The Arc Reacts to Charges Filed in Brutal Beating of Chicago Teen with Reported Cognitive Disabilities

Washington, DC – In reaction to the news that a Chicago area teenager with reported cognitive disabilities was brutally beaten by four assailants while being held captive over the weekend, The Arc released the following statement:

“The charges fit the crime – this hateful act by four people including one classmate of this teenager should be investigated and prosecuted to the fullest extent of the law. And beyond the law enforcement response, which has been swift and appropriate, the public should be shocked and outraged by the actions of these individuals in reportedly targeting a person with a disability and treating him in a way that can only be described as inhumane.

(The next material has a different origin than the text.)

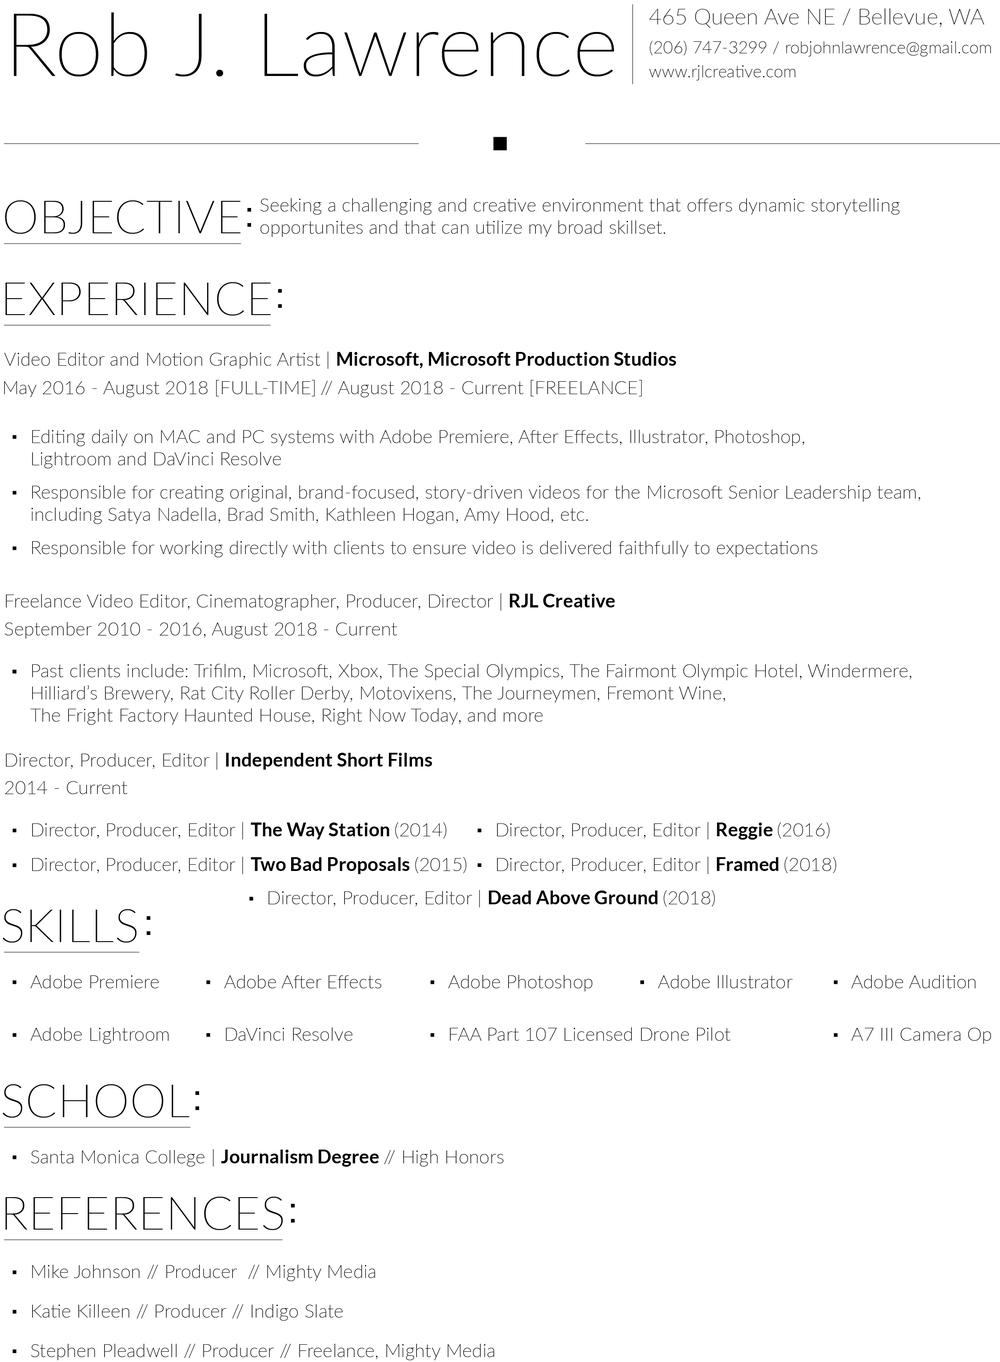 resume robjohnlawrence gmail com

“While this horrific incident is gaining widespread media attention, sadly, it’s not an isolated case. Violence, abuse and bullying of people with disabilities are widespread in our society, often at the hands of abusers who are known to them. Crimes like this one cannot be tolerated, and it’s our collective responsibility to respect and stand up for the rights of people with disabilities. Our fellow human beings deserve nothing less,” said Peter Berns, CEO of The Arc.

The Arc has a long history of standing up for the rights of people with intellectual and developmental disabilities (I/DD), and supporting them to do the same, when they find themselves in dangerous situations and in our legal system. The Arc runs the National Center for Criminal Justice and Disability (NCCJD), the first national effort of its kind to bring together both victim and suspect/offender issues involving people with I/DD under one roof.

NCCJD has a white paper on the topic of violence, abuse and bullying affecting people with I/DD, and the paper cites one study showing that 60% of students with disabilities report being bullied regularly compared with only 25% of all students. A Bureau of Justice Statistics report published in February 2014 titled “Crime against People with Disabilities, 2009- 2012” estimated 1.3 million violent crimes occurred against people with disabilities in 2012, a rate nearly three times higher than for people without disabilities. The rate of violent victimization for youth (ages 12-15) was nearly three times higher for people with disabilities. More than half of violent crimes against people with disabilities were against people with more than one type of disability—and about one in five thought their disability was the reason they were targeted. Individuals with cognitive disabilities had a rate of victimization higher than the rates for people with all other kinds of disabilities.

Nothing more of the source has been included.